Dossier jobs étudiants

Pas touche au salaire minimum !

Le 8 mars prochain, votons et faisons voter NON au projet de loi de la droite patronale qui s’en prend au salaire minimum légal genevois.

Référendum ● La majorité de droite du Grand Conseil, avec l’appui du patronat, part en guerre contre le salaire minimum légal accepté en votation populaire en 2020 par 58 % des votant-e-s. Le projet de loi adopté par le Grand Conseil, fallacieusement intitulé « pour que les jobs d’été continuent d’exister », s’en prend frontalement et brutalement aux revenus des étudiant-e-s. Au prétexte de manque d’expérience et de soi-disant « faible productivité », les étudiant-e-s pourront être rémunér-e-s 18,44 frs/h plutôt que 24,59 frs/h durant les vacances scolaires et académiques. Derrière cette attaque injustifiable au revenu des étudiant-e-s, c’est au principe même du salaire minimum légal que s’en prend la droite patronale. Une attaque qu’il est impératif de repousser dans les urnes le 8 mars prochain, par un NON massif des travailleuses et travailleurs.

NON à la précarité étudiante

Pour beaucoup d’étudiant-e-s, travailler durant les vacances est devenu une nécessité économique pour péniblement boucler leur budget annuel. Comme l’indique l’Office fédéral de la statistique, en moyenne 42 % du revenu des étudiant-e-s résulte d’une activité rémunérée. Et sans surprise, cette part augmente avec l’âge : pour les étudiant-e-s entre 26 et 30 ans, le salaire représente 58 % du revenu, et même 75 % pour les 31-35 ans.

Tandis que tout augmente, loyers, assurances maladie, alimentation, habillement, matériel et autres taxes d’études, la précarité étudiante est malheureusement déjà une réalité pour nombre d’entre-eux-elles.

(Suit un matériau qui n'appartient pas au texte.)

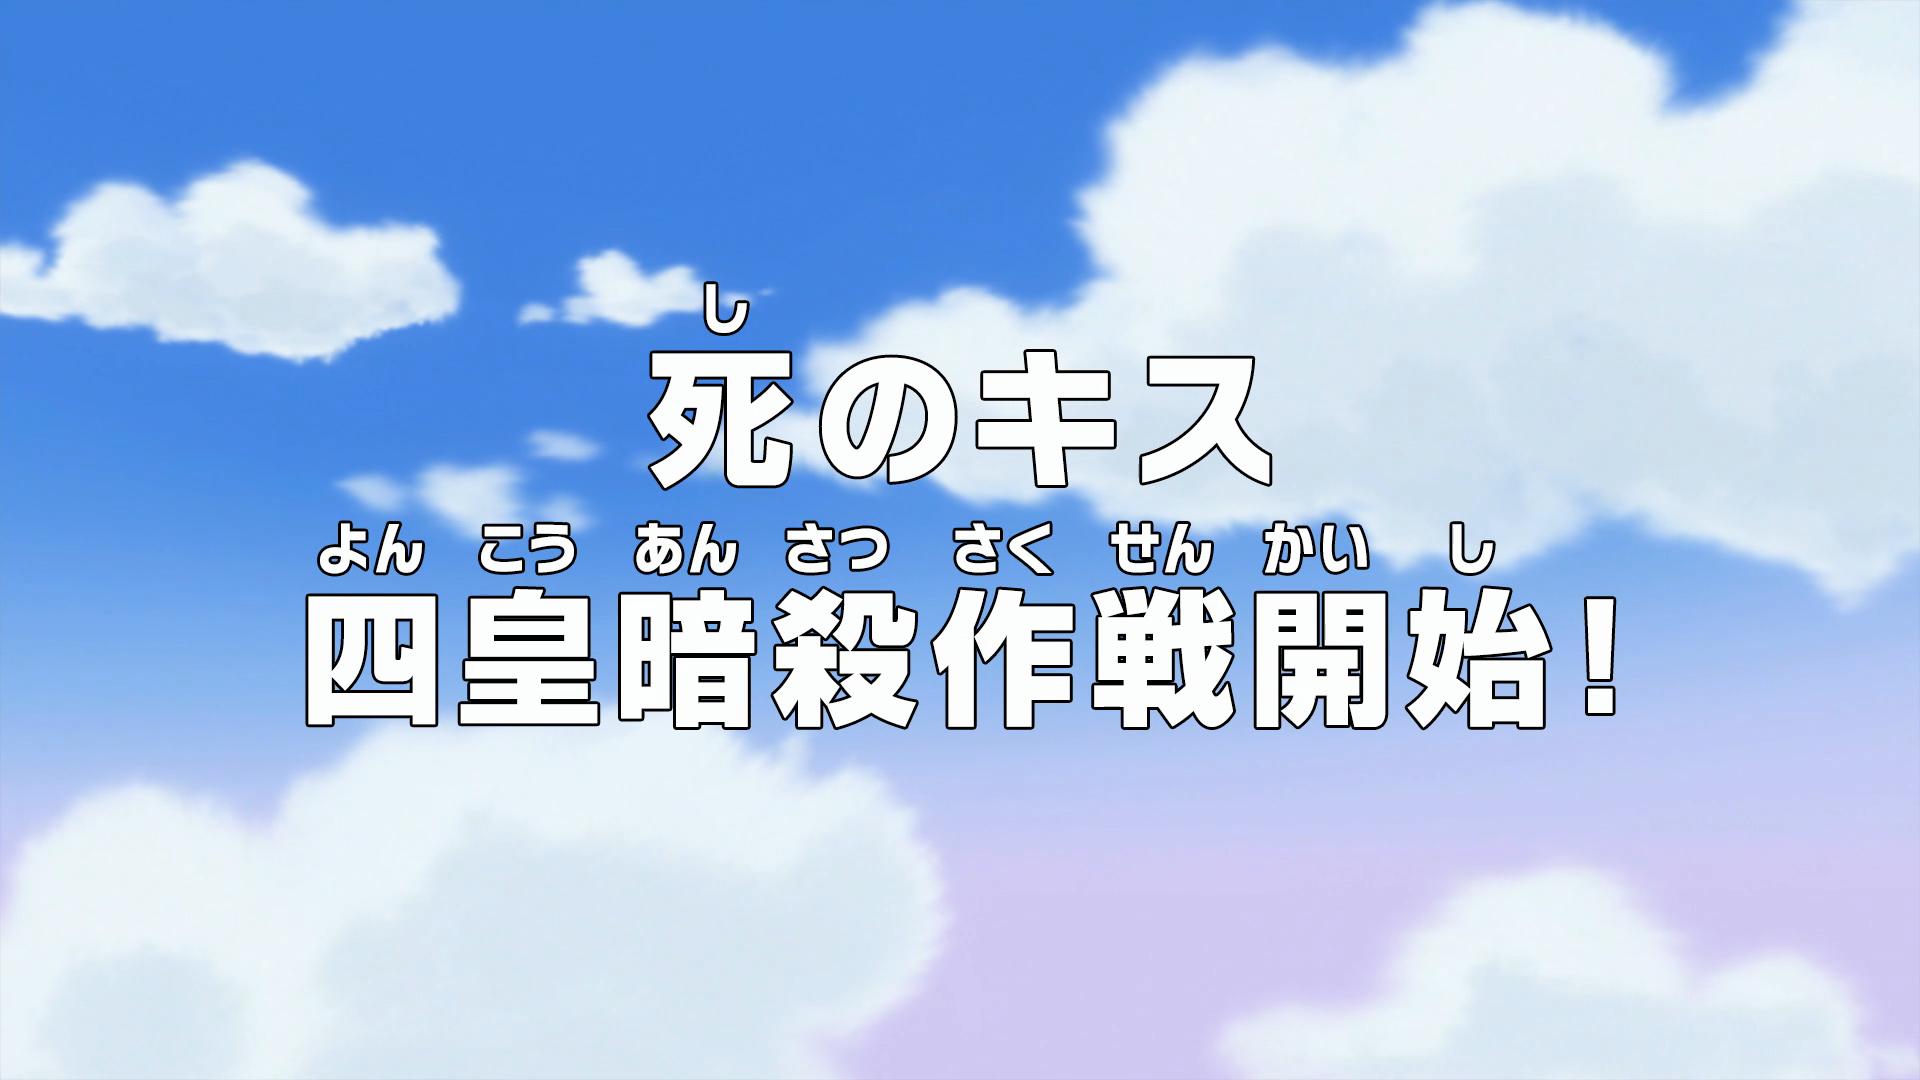 Episode 832

Or, la période de vacances scolaires ou académique est justement l’occasion d’exercer une activité à plein temps essentielle pour faire face à certaines dépenses. Réduire leur salaire de 25 % durant ces périodes amputerait leurs revenus de plusieurs milliers de francs et aggraverait leur précarité.

NON au chantage à l’emploi et au dumping salarial

« Mieux vaut un job sous-payé que pas de job du tout », voilà l’éternelle justification patronale à tous leurs abus. Ce chantage à l’emploi est non seulement inacceptable, mais ne repose sur aucune étude sérieuse et indépendante qui démontrerait que les « jobs d’étudiant-e-s » auraient disparu à cause du salaire minimum légal.

Et alors que la droite reconnaît qu’il ne serait pas juste de baisser les salaires durant le reste de l’année, pourquoi cela deviendrait-il tout à coup acceptable pendant l’été ou les fêtes de fin d’année ? Non seulement la droite n’a évidemment aucune réponse à cette question, mais avec cette loi, les employeurs pourraient de surcroît remplacer leur personnel ordinaire par des étudiant-e-s 25 % moins chers-ères durant ces périodes. Une aubaine pour les patrons, et qui porte un nom : sous-enchère salariale !

Après les étudiant-e-s, à qui le tour ?

La droite ne supporte pas l’idée d’un salaire minimum légal. Elle essaie par tous les moyens d’affaiblir ce droit, au prétexte d’une « moindre productivité » ou d’une « faible expérience ». Or, à titre d’exemple, un-e étudiant-e-s qui bosse sur une terrasse durant l’été n’est pas moins productif-ve qu’un-e employé-e régulier-ère. Quant à la faible expérience professionnelle ou l’absence de qualification, c’est justement les travailleurs-euses dans cette situation que protège le salaire minimum légal.

C’est donc au principe même du salaire minimum, qui garantit un revenu digne pour les moins qualifié-e-s, que la droite s’attaque. Alors après les étudiant-e-s, à qui le tour ?

Le 8 mars, stoppons l’attaque de la droite et du patronat contre le salaire minimum légal conquis en 2020 par les travailleuses et travailleurs genevois-es. Votons NON au rabais sur les jobs d’étudiant-e-s.